### Problem details
Could you restate word for word the lines running from the one with "Las redes de" to the end of the data, both ends included, but without pictures?

### Supplied information
== Segment start ==
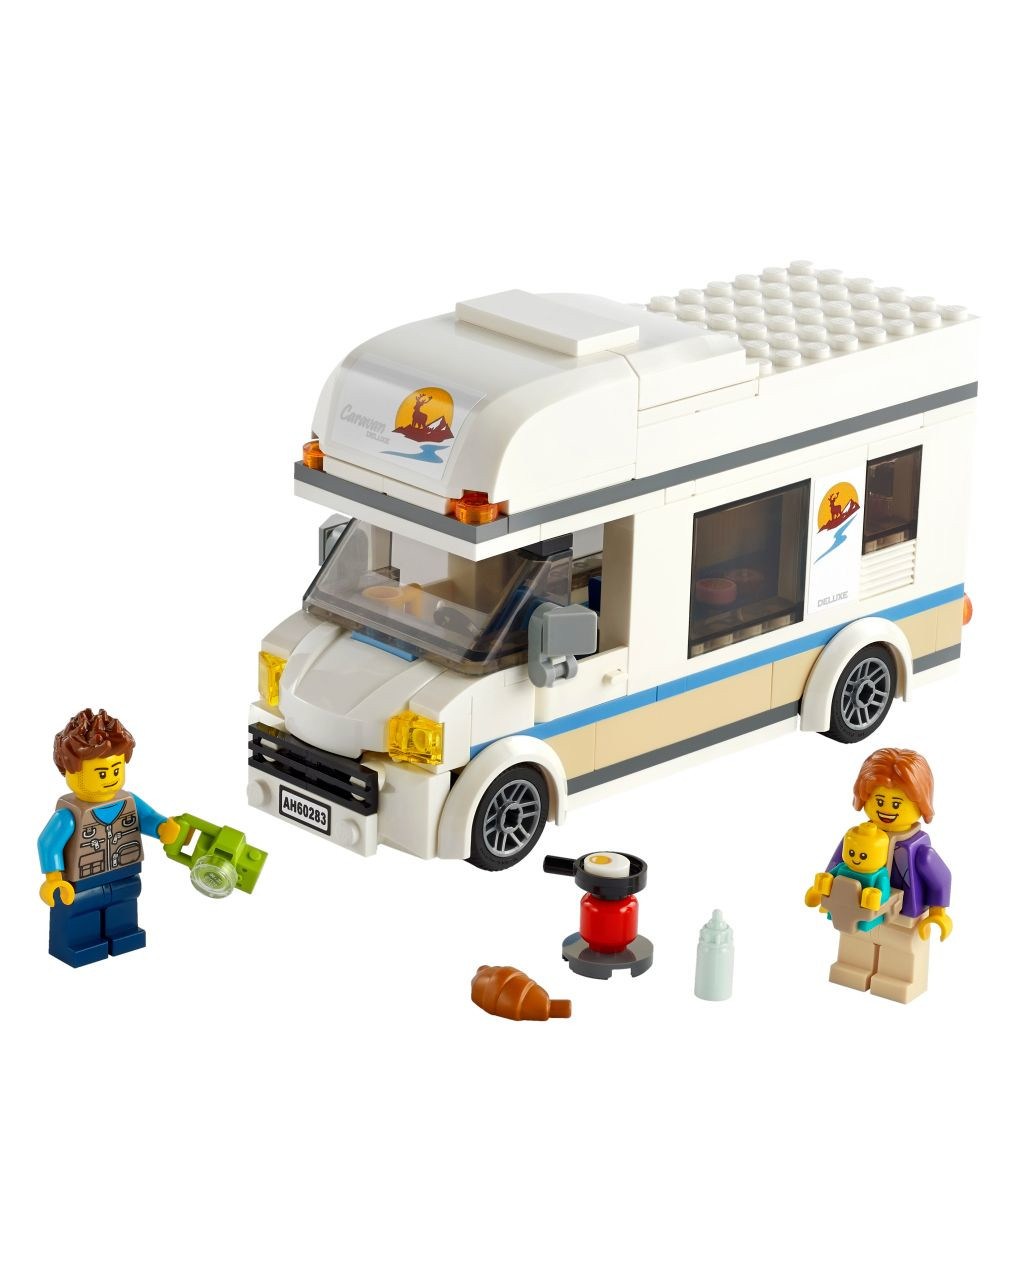 ótimos veículos da cidade de lego - campista de férias - 60283 - LEGO
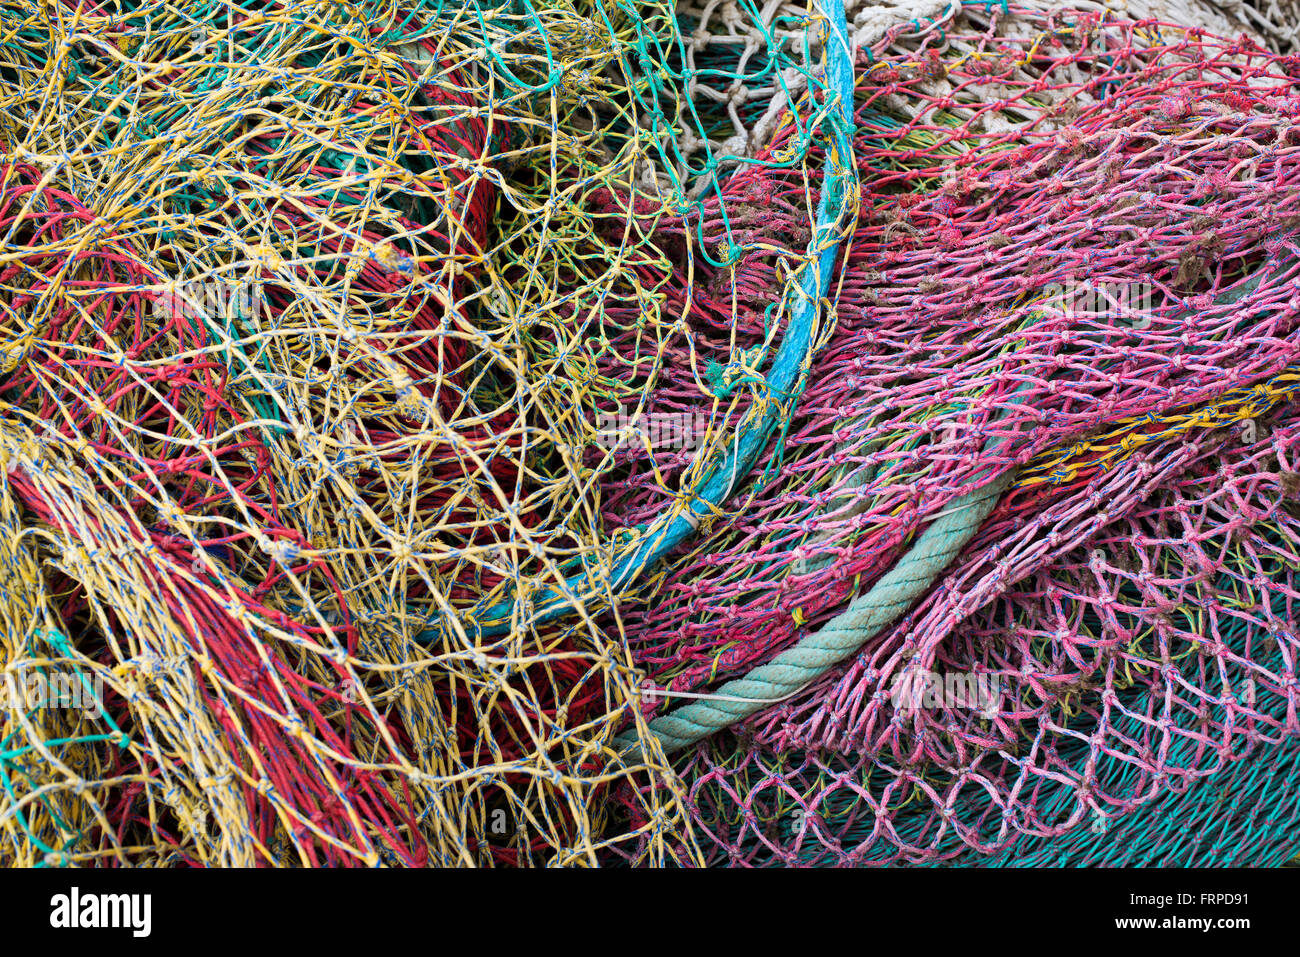 Las redes de pesca, Cala Ratjada, Mallorca, Islas Baleares, España Foto de stock
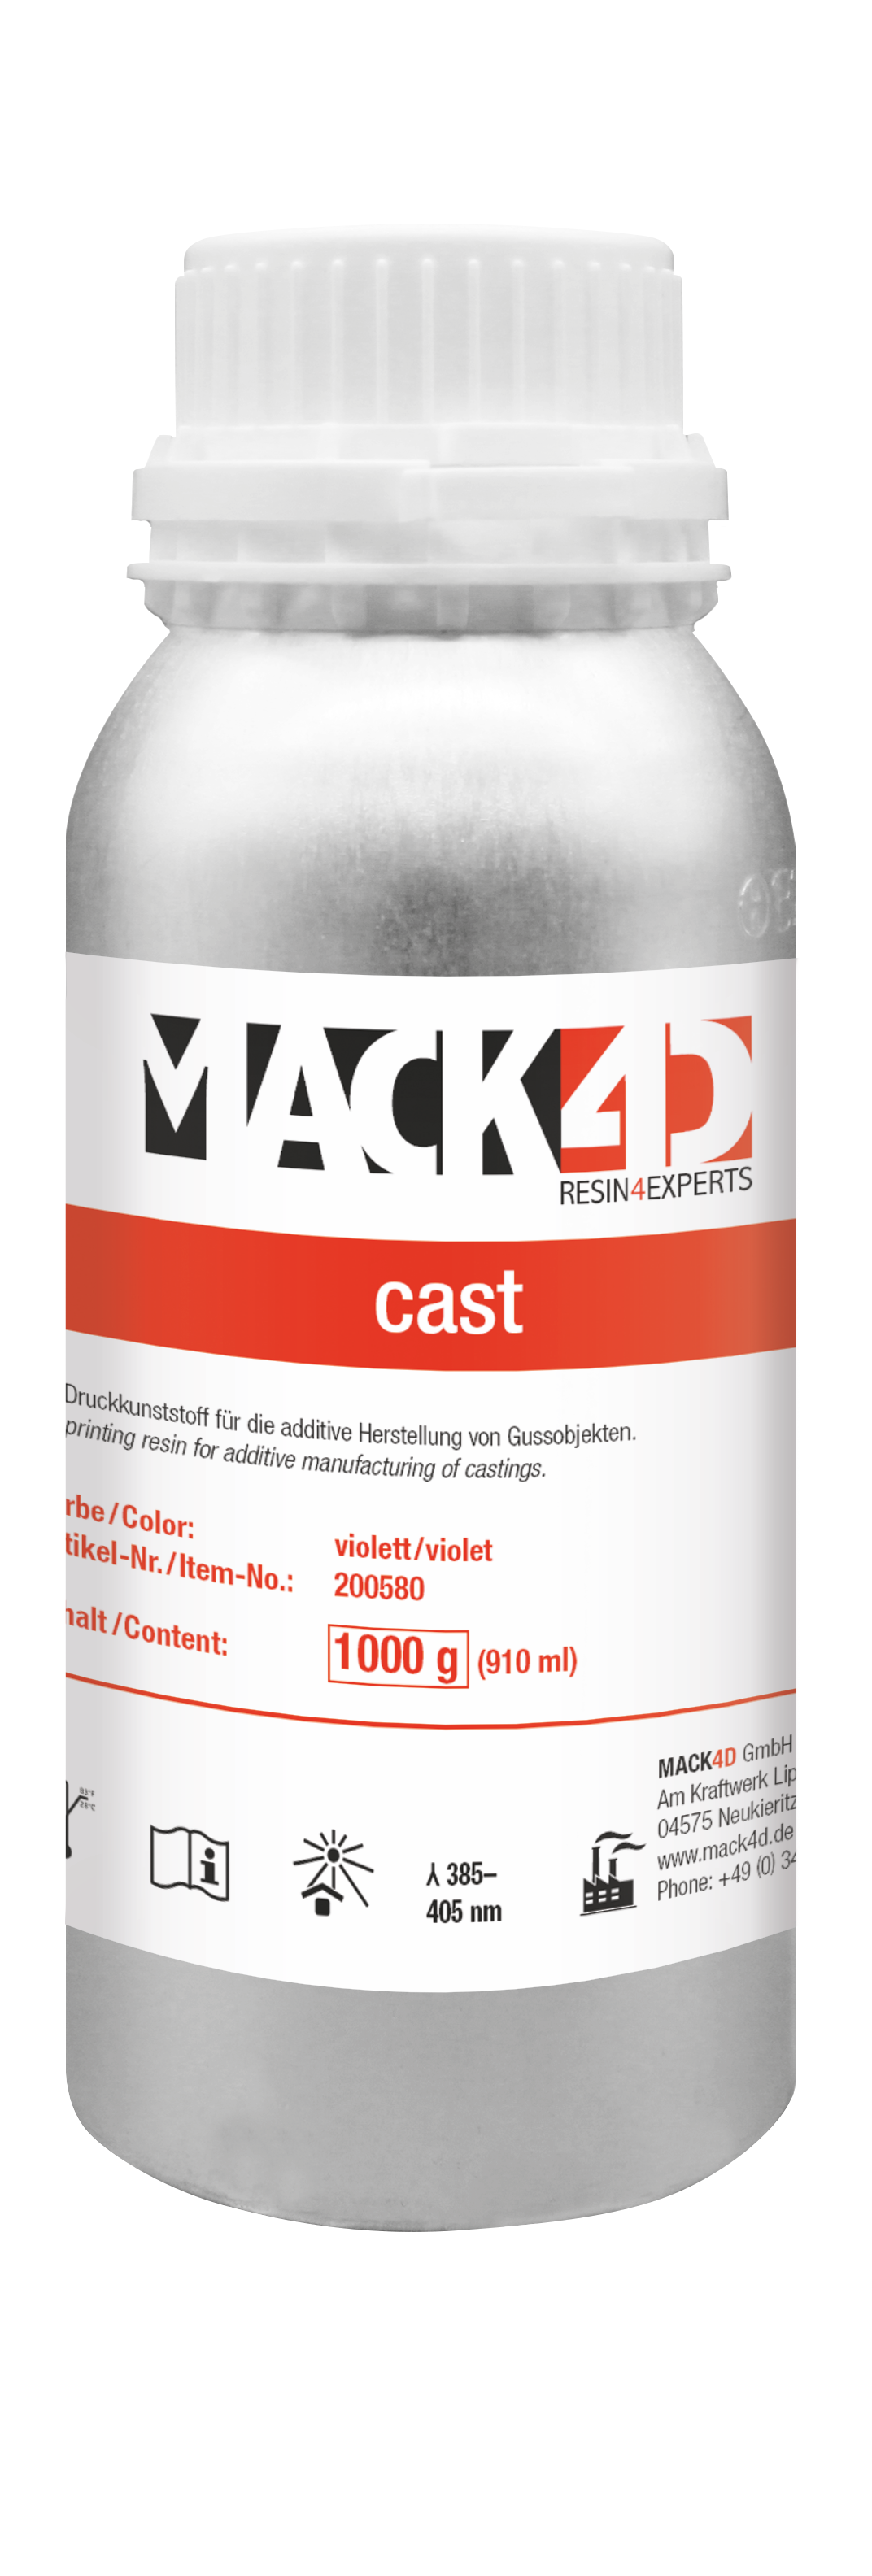 MACK4D - Tiko-G Pro jewel  cast
== Segment end ==
### Output below
 Las redes de pesca, Cala Ratjada, Mallorca, Islas Baleares, España Foto de stock
 MACK4D - Tiko-G Pro jewel  cast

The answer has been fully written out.